In picking Gina McCarthy to lead the Environmental Protection Agency (EPA), President Obama sent the Senate a nominee who should satisfy, if not delight, Republicans as well as Democrats. Given McCarthy's solid credentials and record, Senators should be stumbling over themselves to confirm her.
But these days, the Senate rarely stumbles in the right direction. Senate Republicans are playing games with Obama's selection. Two weeks ago, Republican members of the Environment and Public Works Committee boycotted a vote on the nomination.
Last week, the committee's Democrats managed to report out the nomination on a 10-8 party-line vote. It now goes to the full Senate where we can expect Republicans to pull more tricks out of the parliamentary toy box, including the filibuster and ability of a single member to hold up confirmation. In fact, Sen. Roy Blunt, R-Mo., imposed a hold on McCarthy's confirmation two months ago and says he plans to keep it in place because of issues related to a levee on the Mississippi River. Out in the real world, that's called extortion.

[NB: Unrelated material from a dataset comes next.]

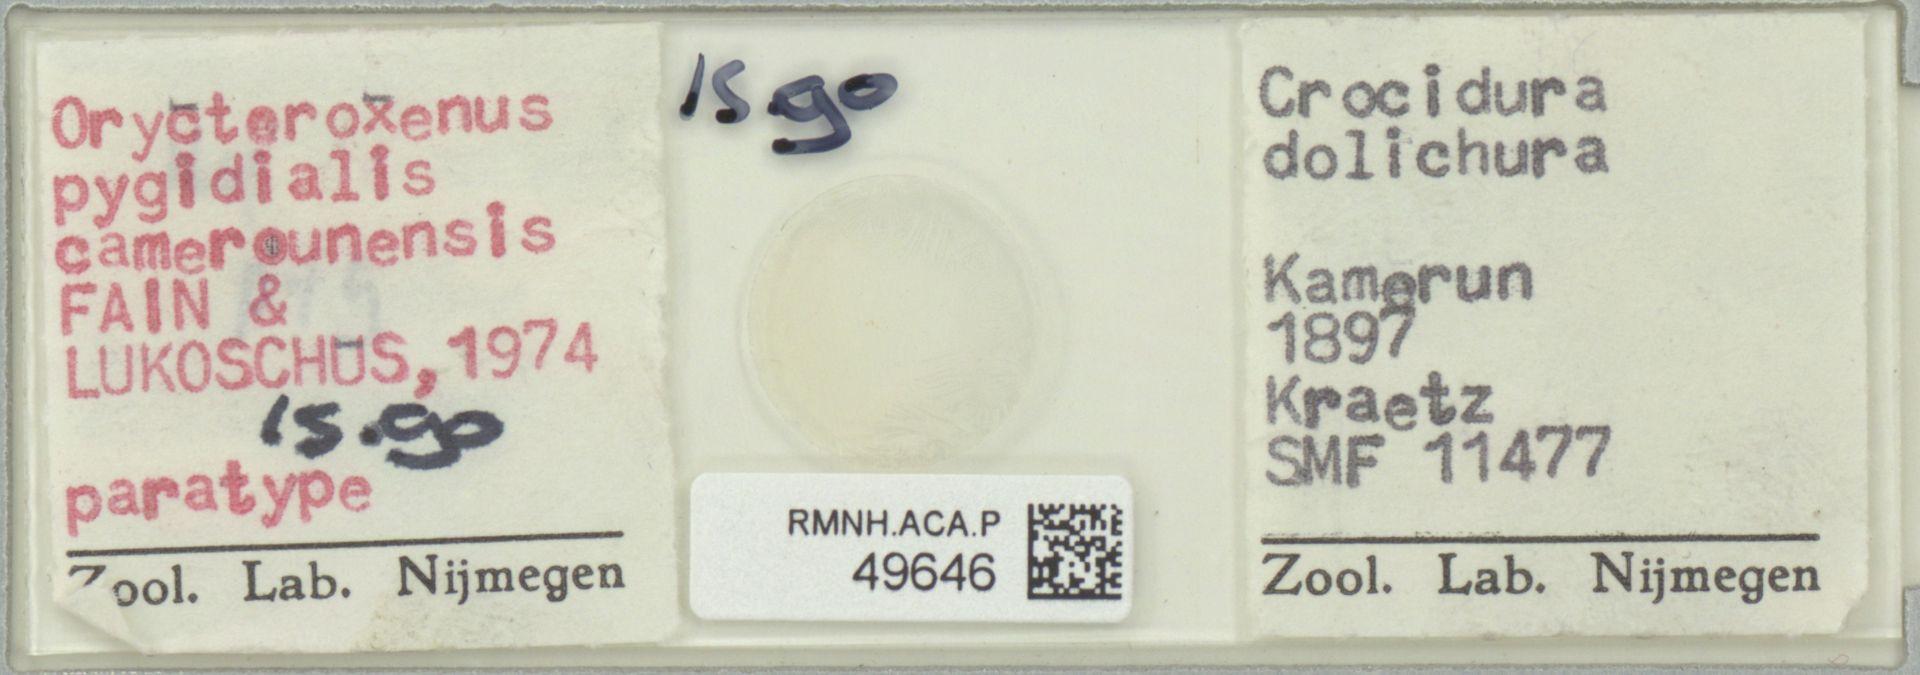 RMNH.ACA.P.49646   Orycteroxenus pygidialis camerounensis Fain & Lukoschus, 1974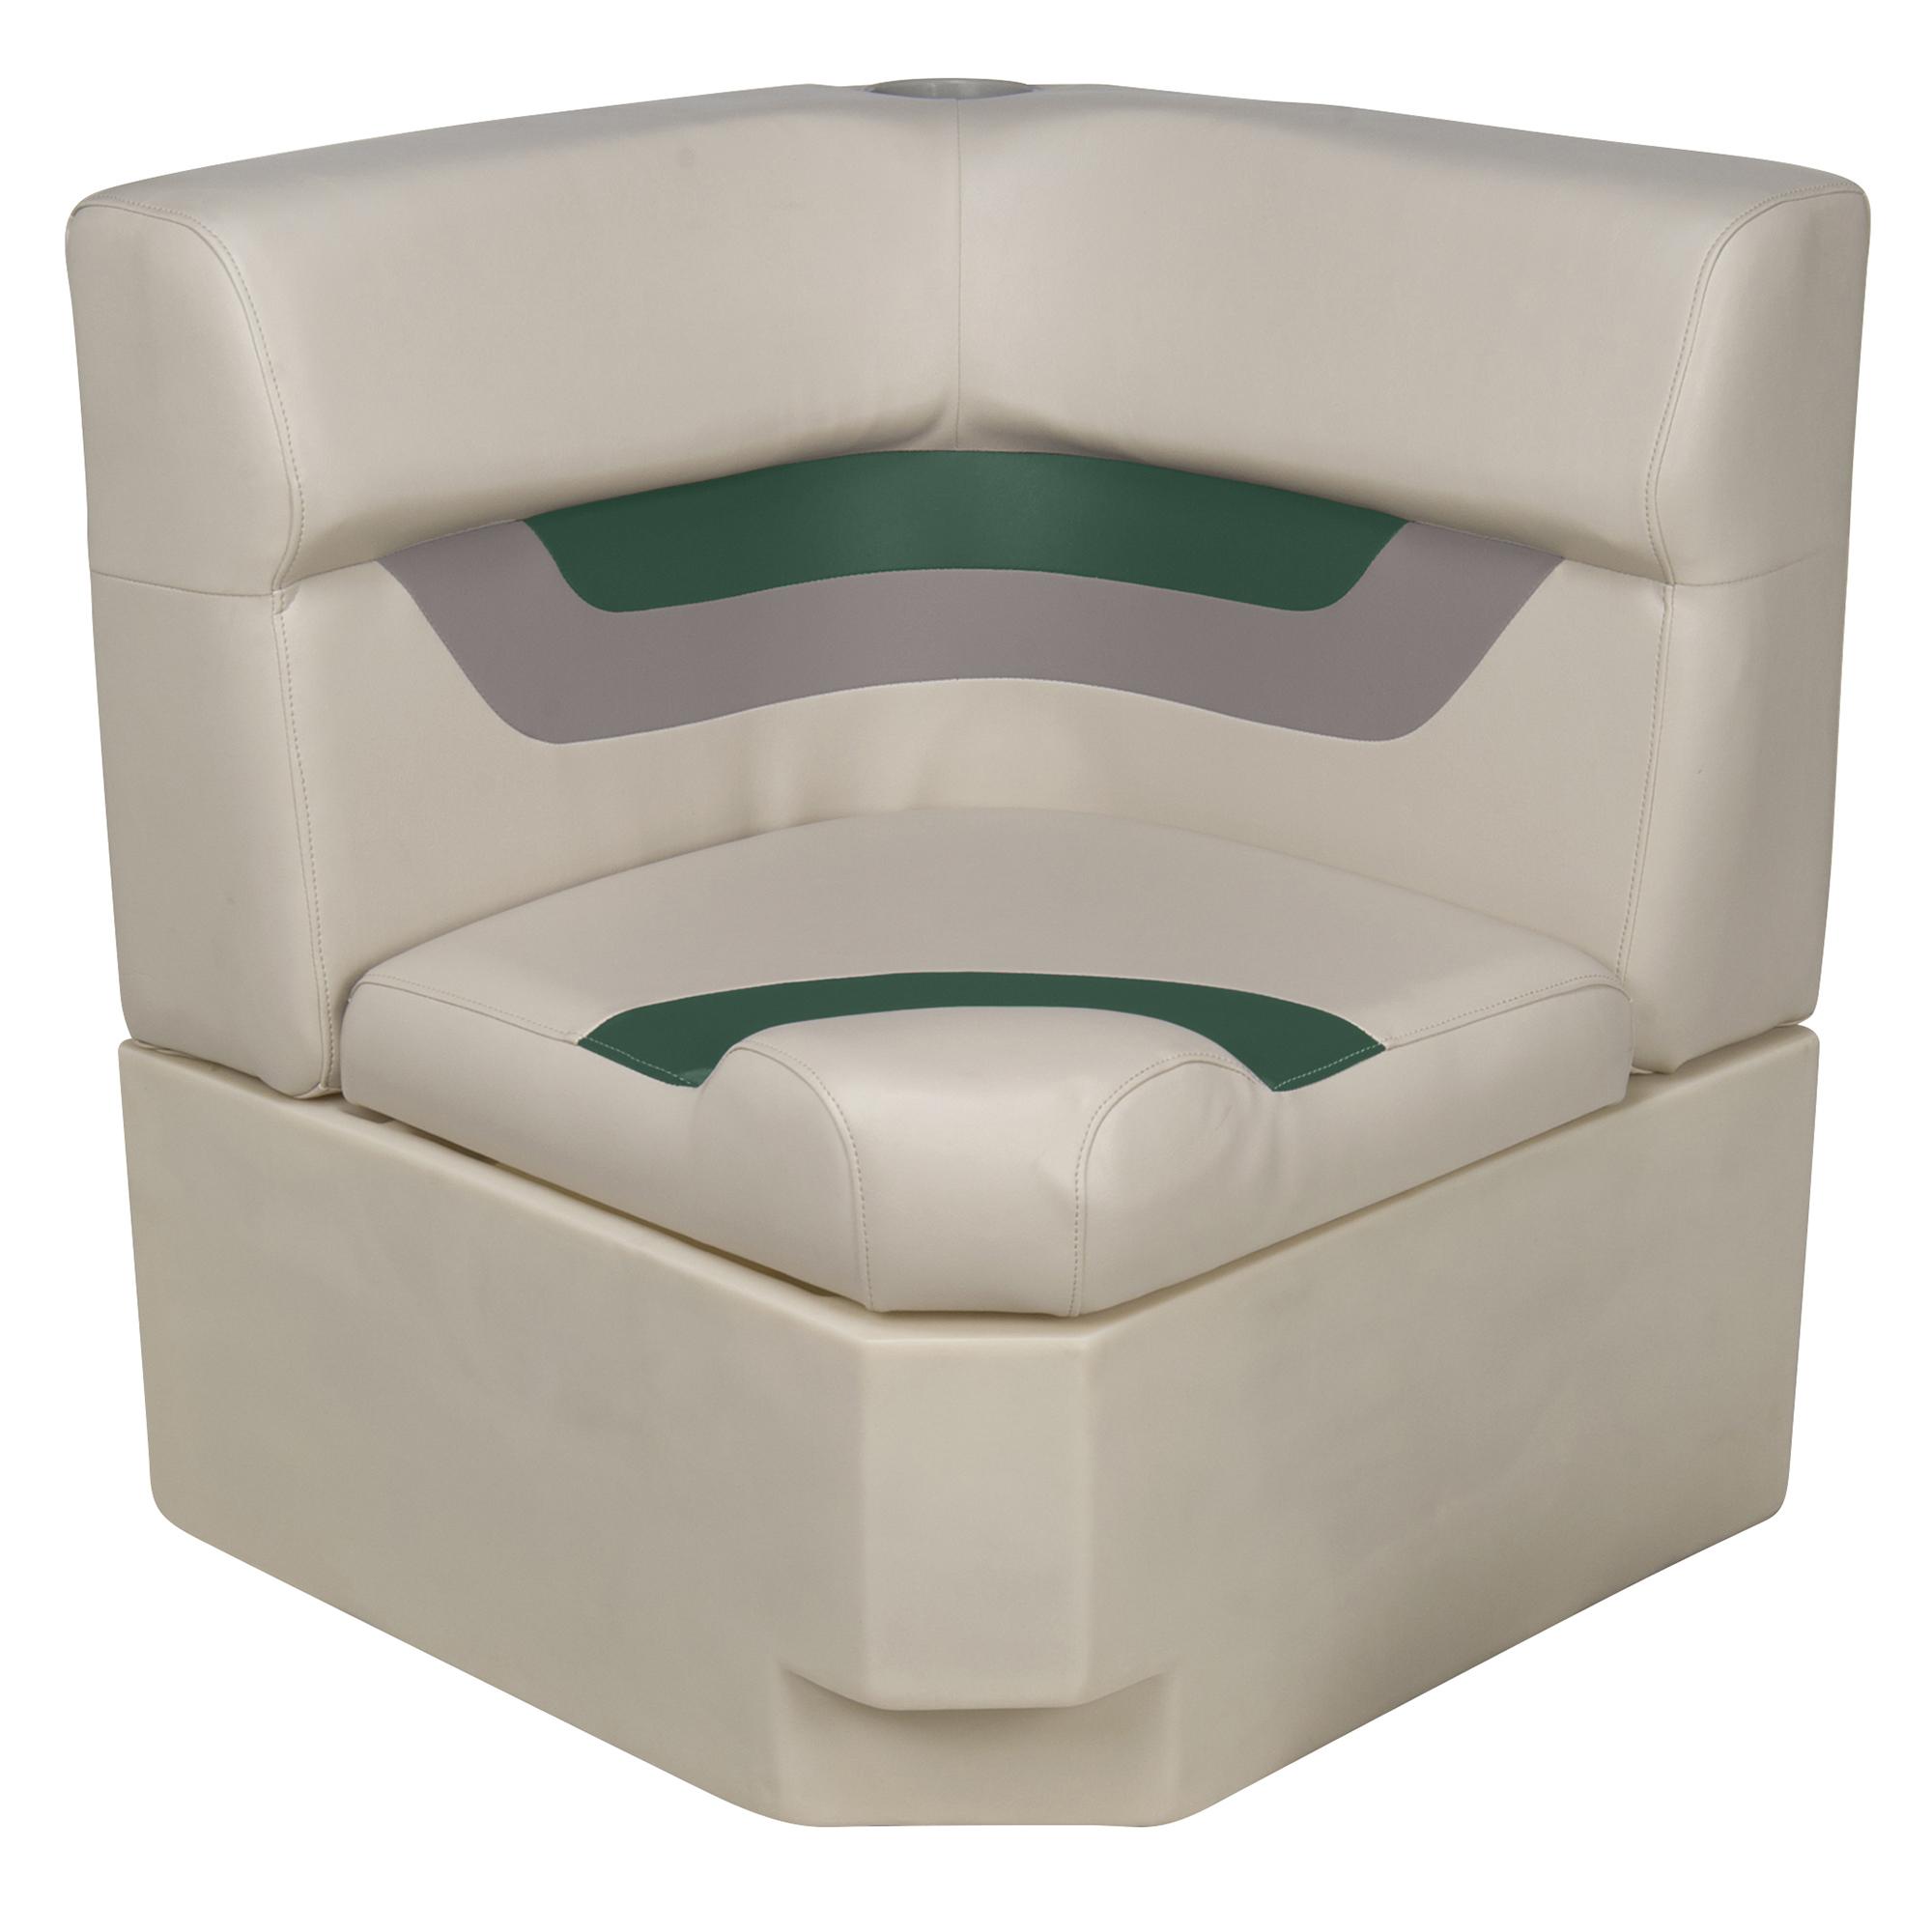 Toonmate Designer Pontoon Corner Section Seat, Platinum

Republicans claim they tried to delay McCarthy's confirmation in committee because the EPA has been unresponsive in providing information about its use of email accounts and its handling of requests under the Freedom of Information Act.
Baloney. The Senate has plenty of tools to obtain information from government agencies. Leaving EPA without an Administrator is more likely an opportunity for Republicans to put new notches on their coup sticks. At the moment, EPA is working on several policies the Republican Party doesn't like including the regulation of coal-fired power plants responsible for 40% of the carbon dioxide pollution driving global climate change, the many environmental issues caused by the natural gas rush, and the need for competent assessment of the Keystone XL pipeline proposal.
Those issues aren't going away, and McCarthy's the right person to deal with them. She is an expert on air quality and environmental health. She has earned her reputation as a pragmatic environmentalist. She has served at EPA since 2009, demonstrating her ability to work well with the industries the agency regulates. She is a former environmental official in Republican administrations, including Mitt Romney's when he was governor of Massachusetts. What's not to like?
Senators will not find a better person to lead the EPA. They should stop playing games and confirm her.